**INPUT MATERIAL**
= Beginning of Section =

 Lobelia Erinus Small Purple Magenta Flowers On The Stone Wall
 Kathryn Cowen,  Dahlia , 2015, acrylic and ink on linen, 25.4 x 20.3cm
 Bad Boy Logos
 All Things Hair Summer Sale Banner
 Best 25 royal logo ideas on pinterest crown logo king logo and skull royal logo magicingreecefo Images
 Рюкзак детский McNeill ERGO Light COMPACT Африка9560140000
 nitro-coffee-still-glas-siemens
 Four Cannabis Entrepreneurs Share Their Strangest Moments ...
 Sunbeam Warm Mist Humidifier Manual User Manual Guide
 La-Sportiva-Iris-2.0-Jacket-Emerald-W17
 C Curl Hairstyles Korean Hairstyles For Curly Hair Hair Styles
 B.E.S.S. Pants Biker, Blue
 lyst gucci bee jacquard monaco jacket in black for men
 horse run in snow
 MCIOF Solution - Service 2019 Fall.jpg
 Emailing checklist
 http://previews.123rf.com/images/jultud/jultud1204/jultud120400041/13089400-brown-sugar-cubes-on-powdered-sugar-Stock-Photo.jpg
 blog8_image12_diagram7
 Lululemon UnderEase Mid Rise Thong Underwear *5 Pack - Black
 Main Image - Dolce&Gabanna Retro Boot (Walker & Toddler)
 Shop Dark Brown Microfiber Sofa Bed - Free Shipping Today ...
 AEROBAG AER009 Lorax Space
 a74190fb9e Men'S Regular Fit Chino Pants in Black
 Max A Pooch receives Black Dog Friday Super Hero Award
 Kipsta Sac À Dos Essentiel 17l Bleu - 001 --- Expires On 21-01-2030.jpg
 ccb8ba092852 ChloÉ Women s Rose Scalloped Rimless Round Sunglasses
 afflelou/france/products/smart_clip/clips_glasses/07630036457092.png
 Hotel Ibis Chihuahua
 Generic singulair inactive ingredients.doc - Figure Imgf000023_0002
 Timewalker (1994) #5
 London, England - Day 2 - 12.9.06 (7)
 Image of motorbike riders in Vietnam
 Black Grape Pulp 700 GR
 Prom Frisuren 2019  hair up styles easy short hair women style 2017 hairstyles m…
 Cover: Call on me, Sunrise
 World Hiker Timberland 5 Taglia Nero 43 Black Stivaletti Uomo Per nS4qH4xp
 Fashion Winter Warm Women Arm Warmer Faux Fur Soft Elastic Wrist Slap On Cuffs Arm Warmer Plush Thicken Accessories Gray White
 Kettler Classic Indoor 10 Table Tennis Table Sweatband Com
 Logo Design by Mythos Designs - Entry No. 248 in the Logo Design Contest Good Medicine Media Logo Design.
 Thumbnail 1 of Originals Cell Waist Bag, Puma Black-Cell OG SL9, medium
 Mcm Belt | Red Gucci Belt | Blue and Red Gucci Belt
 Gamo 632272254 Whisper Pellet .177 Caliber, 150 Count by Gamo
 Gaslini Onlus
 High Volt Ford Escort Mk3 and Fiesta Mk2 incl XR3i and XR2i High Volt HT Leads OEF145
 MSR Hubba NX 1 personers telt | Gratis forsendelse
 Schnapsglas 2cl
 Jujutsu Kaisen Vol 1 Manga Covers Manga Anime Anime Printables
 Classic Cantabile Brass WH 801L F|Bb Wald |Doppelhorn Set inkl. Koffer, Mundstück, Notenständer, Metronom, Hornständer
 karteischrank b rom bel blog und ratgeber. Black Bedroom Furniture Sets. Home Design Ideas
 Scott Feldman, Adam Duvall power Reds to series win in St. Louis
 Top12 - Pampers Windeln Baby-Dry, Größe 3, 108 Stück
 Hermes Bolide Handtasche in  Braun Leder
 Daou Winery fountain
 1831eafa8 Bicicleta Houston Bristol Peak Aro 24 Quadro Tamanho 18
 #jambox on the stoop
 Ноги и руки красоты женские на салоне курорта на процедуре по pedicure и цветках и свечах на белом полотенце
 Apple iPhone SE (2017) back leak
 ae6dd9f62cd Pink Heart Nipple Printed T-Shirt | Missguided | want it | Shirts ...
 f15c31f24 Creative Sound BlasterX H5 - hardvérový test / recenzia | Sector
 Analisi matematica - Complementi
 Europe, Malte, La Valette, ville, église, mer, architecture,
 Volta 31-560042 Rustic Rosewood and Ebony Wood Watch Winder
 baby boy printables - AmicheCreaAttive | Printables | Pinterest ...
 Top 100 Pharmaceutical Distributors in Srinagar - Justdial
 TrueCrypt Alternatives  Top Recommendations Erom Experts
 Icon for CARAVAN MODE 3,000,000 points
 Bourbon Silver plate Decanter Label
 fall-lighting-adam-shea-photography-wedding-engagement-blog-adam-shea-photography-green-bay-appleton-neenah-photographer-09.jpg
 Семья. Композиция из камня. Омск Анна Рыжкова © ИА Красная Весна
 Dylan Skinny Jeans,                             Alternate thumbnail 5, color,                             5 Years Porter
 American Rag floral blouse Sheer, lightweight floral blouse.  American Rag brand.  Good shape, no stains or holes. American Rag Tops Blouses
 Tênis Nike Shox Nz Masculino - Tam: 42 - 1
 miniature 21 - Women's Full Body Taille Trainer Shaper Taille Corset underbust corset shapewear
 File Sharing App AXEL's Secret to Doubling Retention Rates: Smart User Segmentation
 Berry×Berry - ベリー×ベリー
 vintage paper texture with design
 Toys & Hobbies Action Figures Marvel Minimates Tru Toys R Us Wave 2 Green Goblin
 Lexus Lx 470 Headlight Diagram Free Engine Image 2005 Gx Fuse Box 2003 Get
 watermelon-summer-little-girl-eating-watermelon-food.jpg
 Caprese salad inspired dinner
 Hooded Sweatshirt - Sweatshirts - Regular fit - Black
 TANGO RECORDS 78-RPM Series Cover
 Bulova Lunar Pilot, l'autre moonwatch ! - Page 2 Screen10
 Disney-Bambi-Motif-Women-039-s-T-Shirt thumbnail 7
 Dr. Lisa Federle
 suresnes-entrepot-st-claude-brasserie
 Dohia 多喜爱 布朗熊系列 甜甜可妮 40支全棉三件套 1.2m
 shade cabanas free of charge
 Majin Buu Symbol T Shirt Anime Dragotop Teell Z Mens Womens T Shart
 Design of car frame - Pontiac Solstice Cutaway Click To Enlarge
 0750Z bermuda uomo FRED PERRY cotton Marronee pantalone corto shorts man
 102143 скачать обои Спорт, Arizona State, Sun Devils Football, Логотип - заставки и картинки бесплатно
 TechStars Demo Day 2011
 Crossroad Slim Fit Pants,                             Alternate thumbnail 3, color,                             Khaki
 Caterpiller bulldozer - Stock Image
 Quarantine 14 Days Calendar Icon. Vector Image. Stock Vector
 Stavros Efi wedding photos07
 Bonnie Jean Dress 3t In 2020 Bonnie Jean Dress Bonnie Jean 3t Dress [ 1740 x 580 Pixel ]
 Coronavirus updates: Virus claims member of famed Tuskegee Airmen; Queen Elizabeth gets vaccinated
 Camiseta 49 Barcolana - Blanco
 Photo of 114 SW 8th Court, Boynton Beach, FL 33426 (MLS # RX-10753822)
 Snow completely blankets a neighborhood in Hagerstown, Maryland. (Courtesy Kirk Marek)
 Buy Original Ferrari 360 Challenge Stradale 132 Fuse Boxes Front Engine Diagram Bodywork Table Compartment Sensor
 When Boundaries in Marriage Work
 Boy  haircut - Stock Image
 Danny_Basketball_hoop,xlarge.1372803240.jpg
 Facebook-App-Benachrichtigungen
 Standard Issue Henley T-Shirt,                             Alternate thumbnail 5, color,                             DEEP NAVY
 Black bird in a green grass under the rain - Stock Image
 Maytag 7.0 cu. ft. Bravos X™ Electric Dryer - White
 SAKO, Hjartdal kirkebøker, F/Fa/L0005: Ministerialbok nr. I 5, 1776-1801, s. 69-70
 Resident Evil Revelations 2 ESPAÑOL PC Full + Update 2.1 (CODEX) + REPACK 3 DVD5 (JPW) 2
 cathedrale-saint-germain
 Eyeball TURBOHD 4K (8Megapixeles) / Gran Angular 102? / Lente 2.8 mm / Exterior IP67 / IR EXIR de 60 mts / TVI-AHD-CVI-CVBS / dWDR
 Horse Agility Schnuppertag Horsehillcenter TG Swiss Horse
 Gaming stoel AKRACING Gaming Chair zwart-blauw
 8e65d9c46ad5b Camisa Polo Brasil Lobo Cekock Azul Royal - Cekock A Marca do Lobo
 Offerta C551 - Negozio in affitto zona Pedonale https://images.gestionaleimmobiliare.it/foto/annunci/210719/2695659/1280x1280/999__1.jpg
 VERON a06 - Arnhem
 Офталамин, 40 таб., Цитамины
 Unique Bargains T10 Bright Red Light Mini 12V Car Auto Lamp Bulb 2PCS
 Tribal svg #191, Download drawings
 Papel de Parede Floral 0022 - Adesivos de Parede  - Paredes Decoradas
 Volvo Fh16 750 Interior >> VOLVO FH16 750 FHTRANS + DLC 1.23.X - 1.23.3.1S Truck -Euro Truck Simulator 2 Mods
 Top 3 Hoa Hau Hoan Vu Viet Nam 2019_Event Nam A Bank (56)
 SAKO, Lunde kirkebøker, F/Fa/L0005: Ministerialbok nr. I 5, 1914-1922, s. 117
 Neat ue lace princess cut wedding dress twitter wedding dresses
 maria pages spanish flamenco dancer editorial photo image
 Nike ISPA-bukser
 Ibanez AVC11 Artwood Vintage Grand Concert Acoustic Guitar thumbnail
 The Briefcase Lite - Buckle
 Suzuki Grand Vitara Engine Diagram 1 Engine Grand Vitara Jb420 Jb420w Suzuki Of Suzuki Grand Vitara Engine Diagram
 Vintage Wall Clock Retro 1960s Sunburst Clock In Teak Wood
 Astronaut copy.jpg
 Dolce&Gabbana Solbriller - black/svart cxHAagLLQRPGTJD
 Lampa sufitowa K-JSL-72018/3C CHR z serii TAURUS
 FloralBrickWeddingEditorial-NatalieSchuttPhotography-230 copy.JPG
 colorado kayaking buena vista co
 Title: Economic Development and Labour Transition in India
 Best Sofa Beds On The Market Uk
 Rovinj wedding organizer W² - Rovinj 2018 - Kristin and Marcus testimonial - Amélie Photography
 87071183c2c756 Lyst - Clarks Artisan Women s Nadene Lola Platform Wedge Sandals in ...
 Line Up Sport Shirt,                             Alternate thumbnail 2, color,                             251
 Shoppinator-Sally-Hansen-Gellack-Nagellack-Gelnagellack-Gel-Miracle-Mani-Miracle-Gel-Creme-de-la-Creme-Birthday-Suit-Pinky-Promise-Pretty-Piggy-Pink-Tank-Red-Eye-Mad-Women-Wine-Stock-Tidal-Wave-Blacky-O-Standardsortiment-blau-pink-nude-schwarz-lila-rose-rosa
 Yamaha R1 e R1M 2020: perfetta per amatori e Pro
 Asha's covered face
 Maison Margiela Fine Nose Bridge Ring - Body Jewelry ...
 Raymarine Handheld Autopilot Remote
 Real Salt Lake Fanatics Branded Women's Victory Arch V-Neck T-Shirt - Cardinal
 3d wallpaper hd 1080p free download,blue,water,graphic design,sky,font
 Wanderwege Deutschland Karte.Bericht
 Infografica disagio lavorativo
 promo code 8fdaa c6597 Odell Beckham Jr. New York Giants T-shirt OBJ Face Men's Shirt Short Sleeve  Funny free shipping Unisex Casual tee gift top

= End of Section =

**HOW TO COMPLETE THIS TASK**
Filter the records above and copy every line that contains the word "SAKO".

**ANSWER TO THIS PROBLEM**
 SAKO, Hjartdal kirkebøker, F/Fa/L0005: Ministerialbok nr. I 5, 1776-1801, s. 69-70
 SAKO, Lunde kirkebøker, F/Fa/L0005: Ministerialbok nr. I 5, 1914-1922, s. 117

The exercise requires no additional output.